WSLI is a radio station which serves the Greater Grand Rapids, Michigan, area. The main broadcast frequency is 1480 kHz, which is licensed to Kentwood, Michigan, a Grand Rapids suburb. It broadcasts Smile FM's contemporary Christian music format.

History
1480 kHz went on the air as commercial station WMAX. By the late 1950s and early 1960s, it was the leading Top 40 music station in Grand Rapids. Afterward, the station played mostly middle of the road and adult contemporary music (and briefly used the WAFT calls for a time in the late 1960s/early 1970s), although WMAX did briefly return to a Top 40-style presentation from about 1972 to 1975 as "GOOD MAX MUSIC 1480." The station dropped its music format in January 1976 for a news/talk format. WMAX NewsRadio 1480 operated as a locally produced all-news radio format from 1976 to 1984, with a staff of 11 reporters. Later, the station dropped the news/talk format for gospel, then contemporary Christian music. For many years, WMAX was the Grand Rapids radio home for Detroit Red Wings hockey. WMAX changed transmitter locations (adding a directional night-time signal) and was reassigned from Grand Rapids to Kentwood in 1984.

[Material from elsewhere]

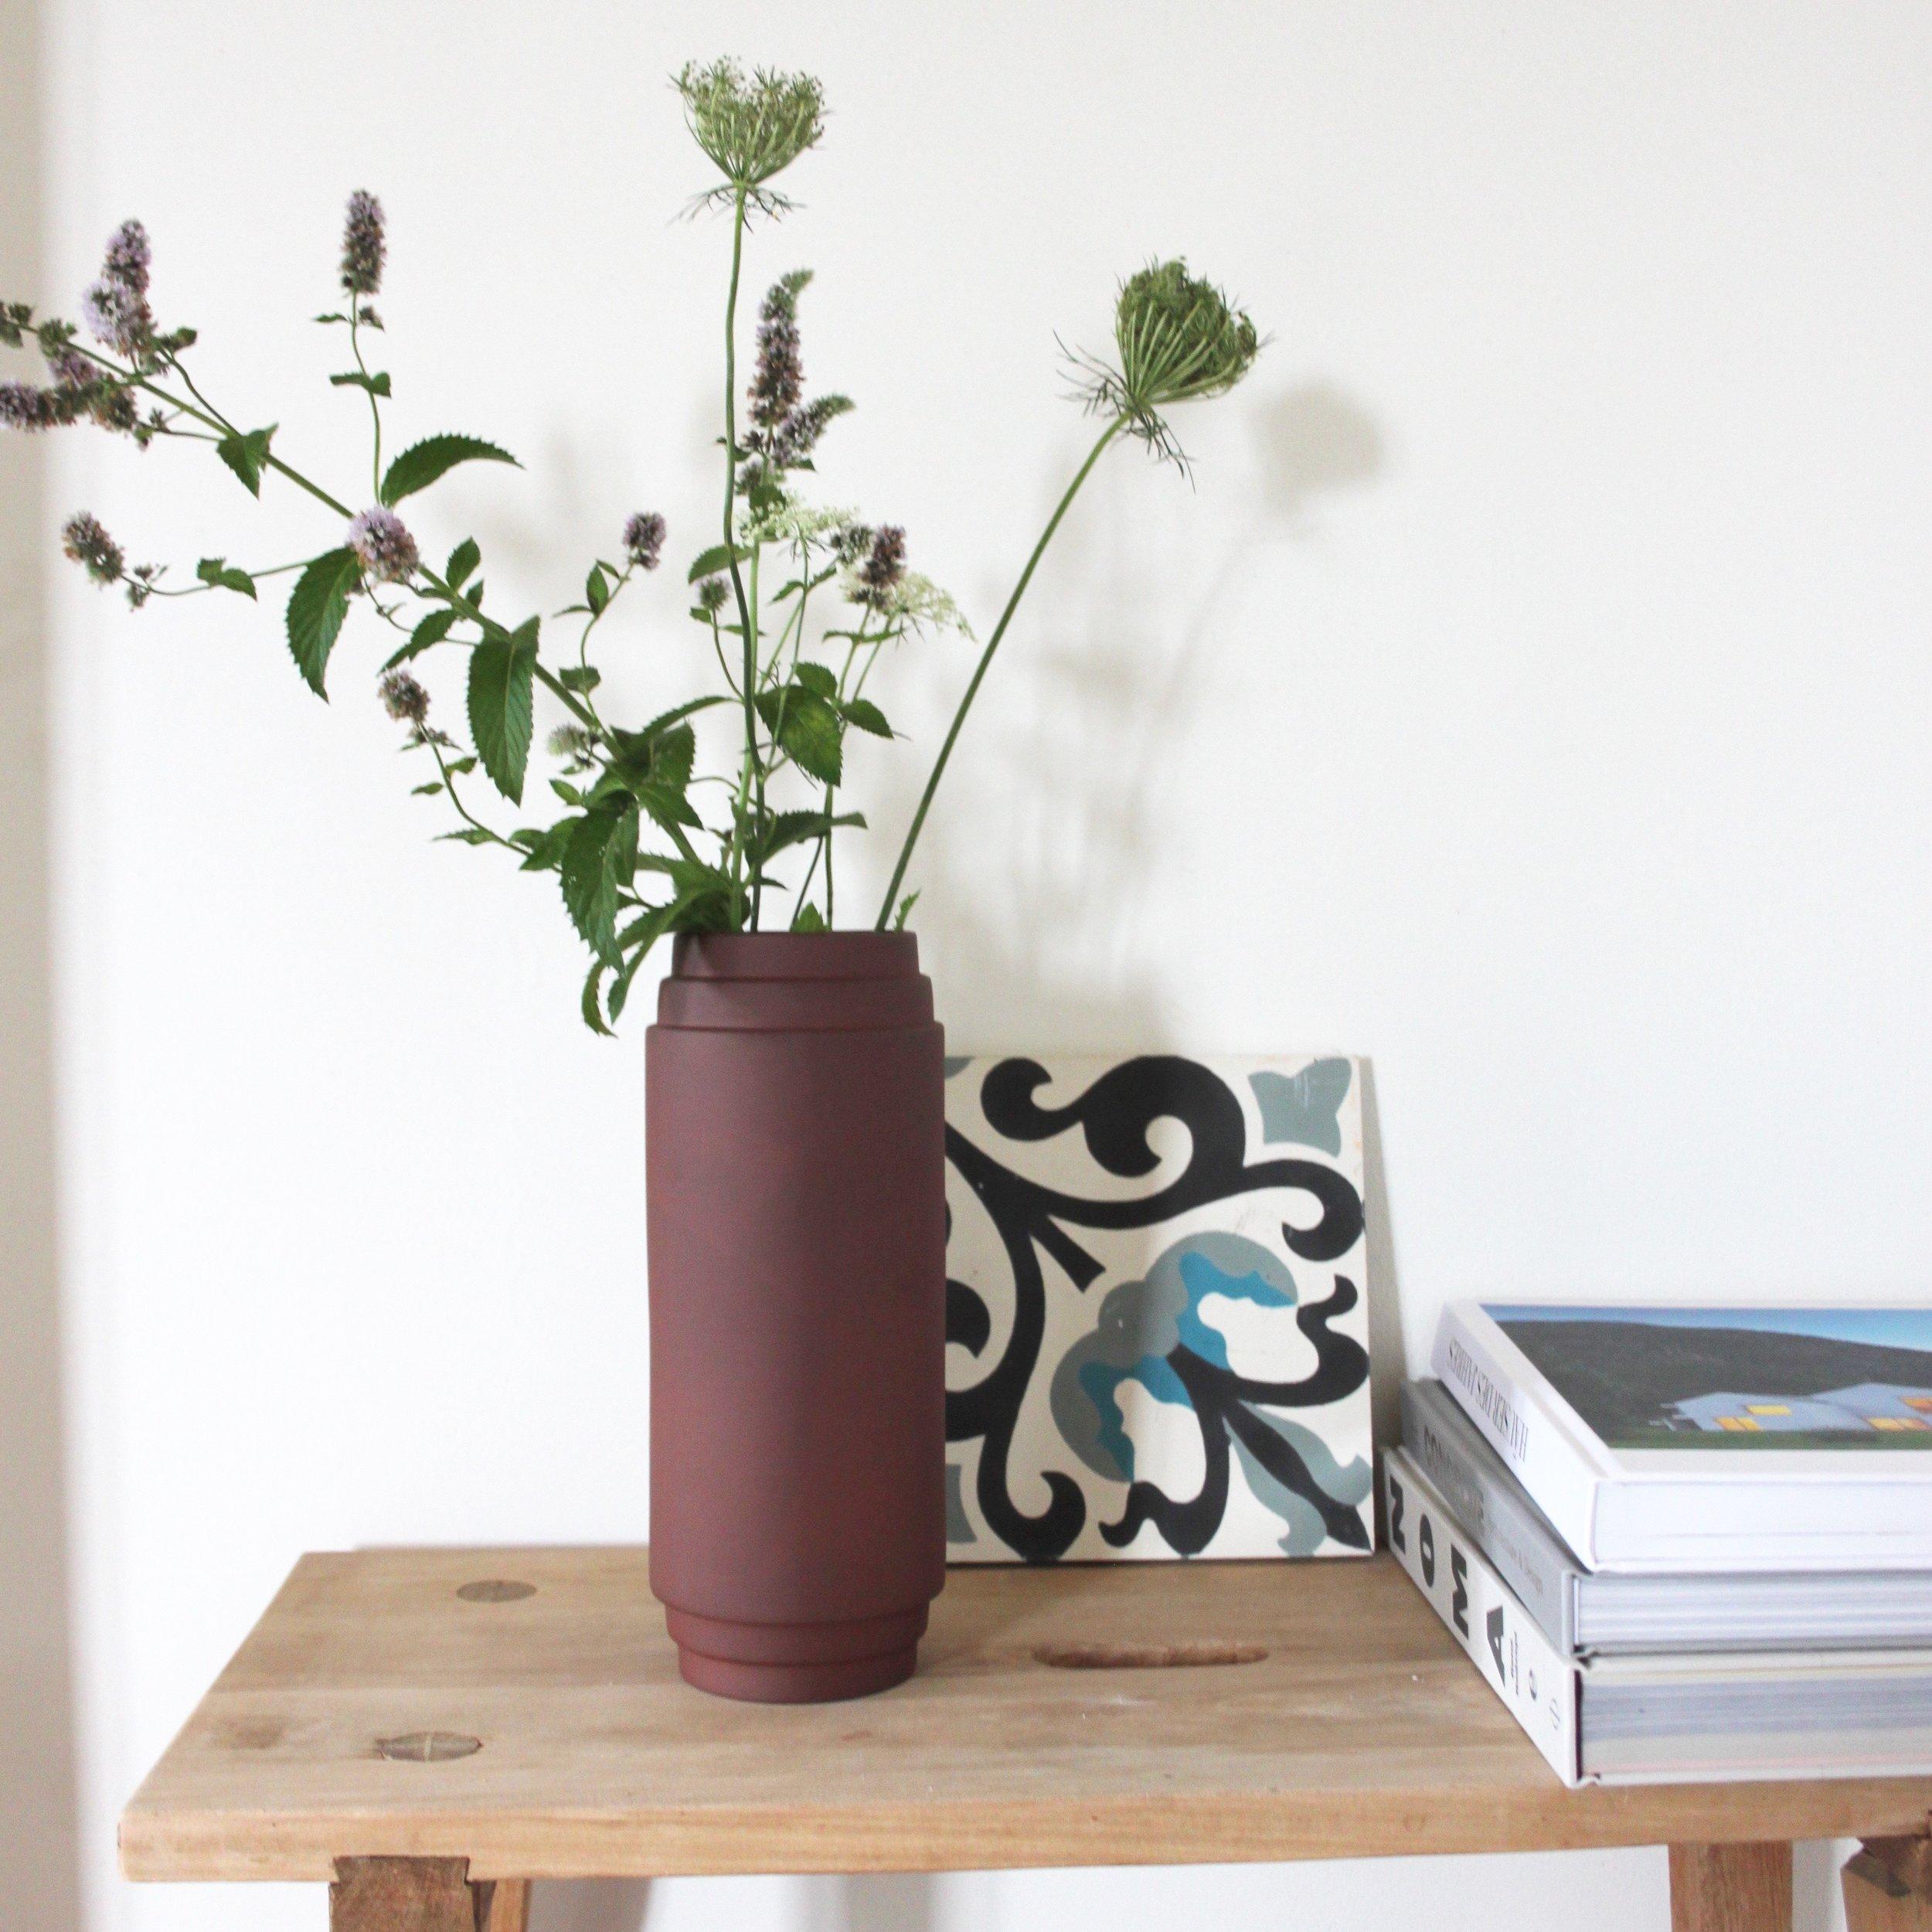 Die Natürliche  Die Vase Edge von Skagerak ist aus Terrakotta und erinnert mit ihrer Form an eine griechische Schönheit. Sie ist in 3 verschiedenen Grössen erhältlich.

The station went silent until July 4, 1991, when it became branded as "All-American NewsTalk 1480 WMAX." The AM station operated out of the Witte Travel Building at 3250 28th Street S.E., near Shaffer Avenue. The station simulcasted the cable-TV network audio signal of the CNN Headline News Network (later, just 'HLN'). At the :24 and :54 marks of each hour during morning drive, noon hour and afternoon drive, 1480 WMAX would cut in with a six-minute locally produced newscast during morning and afternoon drives, before resuming the simulcast at the top or bottom of the hour. Dave Stanley was the program director and James Gemmell was the news director. The owners sold the station in early 1992 to Grand Valley State University. Grand Valley returned it to the air as WGVU on May 22, 1992.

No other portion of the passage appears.